To enhance control and prevention strategies, it is essential to rapidly and accurately identify Brucella species, thereby reducing the impact of the disease and its related complications. Given the high prevalence of brucellosis in Hamadan Province and the limited number of studies comparing the frequency and virulence of animal and human strains, this study aims to molecularly identify Brucella species isolated from both livestock and humans in Hamadan. Additionally, the research seeks to investigate the presence of key virulence factor genes in these isolates using multiplex PCR, with the goal of better understanding their pathogenic potential and supporting the development of targeted interventions.


Materials and Methods

Collecting Samples

In this study, a total of 100 blood samples were collected from patients suspected of having brucellosis at the Infectious Diseases Department of Sina Hospital in Hamadan. Additionally, 100 animal samples, including lymph nodes, abortive materials, mammary fluid, amniotic fluid, and milk from livestock (e.g., sheep, cattle, and goats), were obtained from various regions of Hamadan Province. These samples were selected based on positive serum tests and were collected between November 2021 and October 2022. The human participants were thoroughly categorized based on gender, age, education level, urban or rural residence, occupation, and clinical symptoms. Similarly, the infected livestock were classified according to demographic data, geographic location, age, and gender.

Brucella Isolation

For Brucella spp. isolation, human blood samples were transferred to suitable culture media. The study employed the BACTEC blood culture system (BD9050, USA), an automated system for microbiological growth detection. The samples were incubated for a period ranging from 7 days to 21 days at 37°C. In addition, any vials showing positive microbial growth were subsequently cultured on blood agar plates and incubated for an additional 3–7 days in a conventional incubator and a 10% CO₂ incubator. To isolate Brucella spp. from animal samples, specimens were cultured on Brucella agar medium supplemented with 5% bovine serum, dextrose, and a combination of antibiotics (i.e., cycloheximide, bacitracin, polymyxin B sulfate, vancomycin, nalidixic acid, and nystatin) and incubated for 3–7 days in both a 10% CO₂ incubator and a conventional incubator at 37°C. Bacterial cultivation was performed in a dedicated, isolated environment within a laboratory equipped with biosafety level 3. All necessary precautions were diligently observed, including the use of protective equipment to ensure the safety of the researchers.

All culture-positive samples were further subjected to biochemical testing, including urease, catalase, and oxidase assays, to confirm the presence of Brucella spp.

Molecular Detection of Brucella Species and Virulence Genes

Genomic DNA was extracted through a boiling method. A full loopful of bacterial colony was suspended in 300 μL of sterile distilled water and heated at 100°C for 15 minutes. The mixture was then centrifuged at 13,000 rpm, and the supernatant, which contained the DNA, was collected and stored at -20°C for subsequent analysis.

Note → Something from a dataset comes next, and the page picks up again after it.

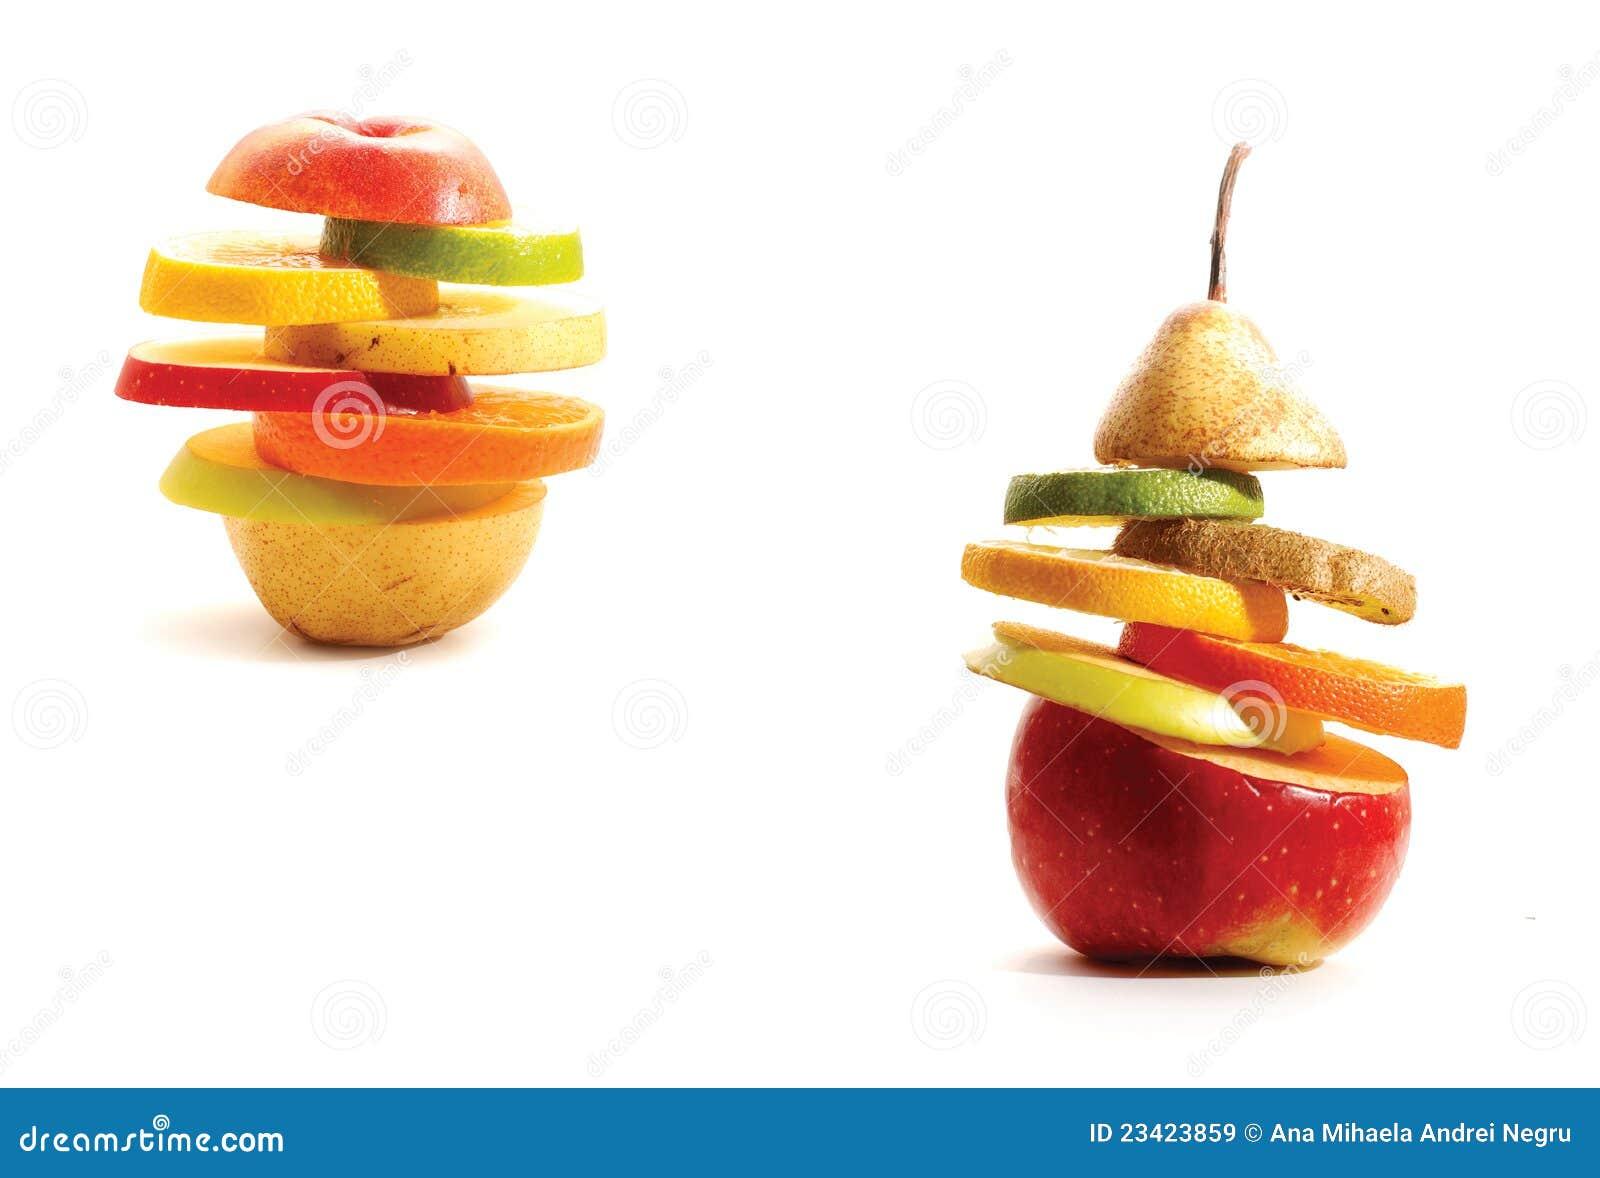 柠檬另外油桃猕猴桃分层堆积象苹果做的果子橙色美食梨的桃子.石灰潼关简介图片
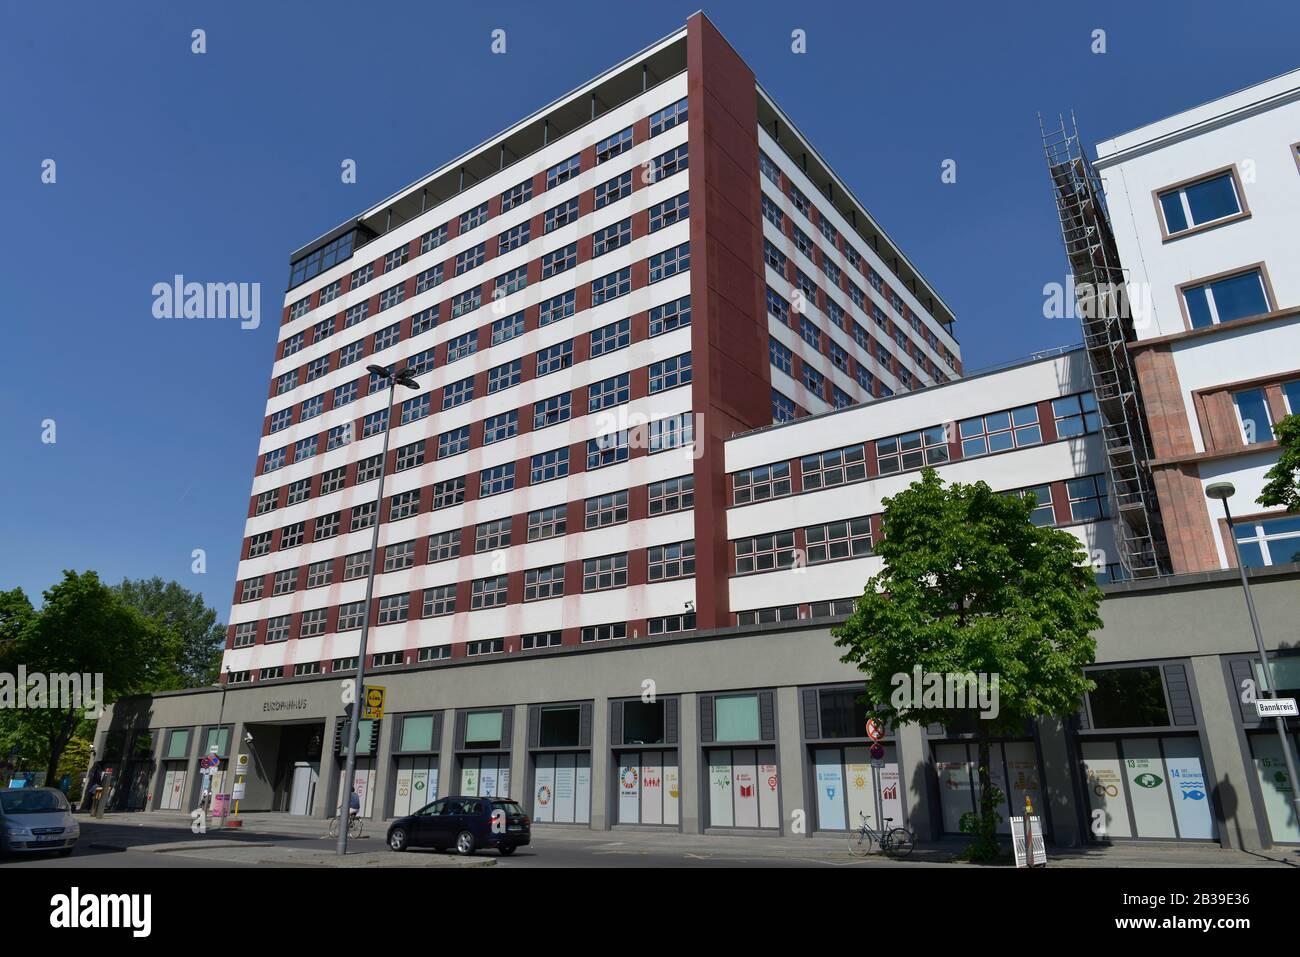 Europahaus, Stresemannstrasse, Kreuzberg, Berlin, Deutschland Stock Photo

Following the isolation of Brucella spp., molecular identification was conducted using the PCR technique. A multiplex PCR approach was employed with primers B4-B5, which are genus-specific for Brucella, along with primers Ba-SP IS711 and Bm-SP IS711, specific for B. abortus and B. melitensis, respectively (Table 1). Subsequently, to detect the presence of virulence genes, including znuA, bvfA, omp25, omp31, and mviN, specific primers (Table 2) were used in multiplex PCR assays. All primers utilized in this study were synthesized by Metabion Company (Germany).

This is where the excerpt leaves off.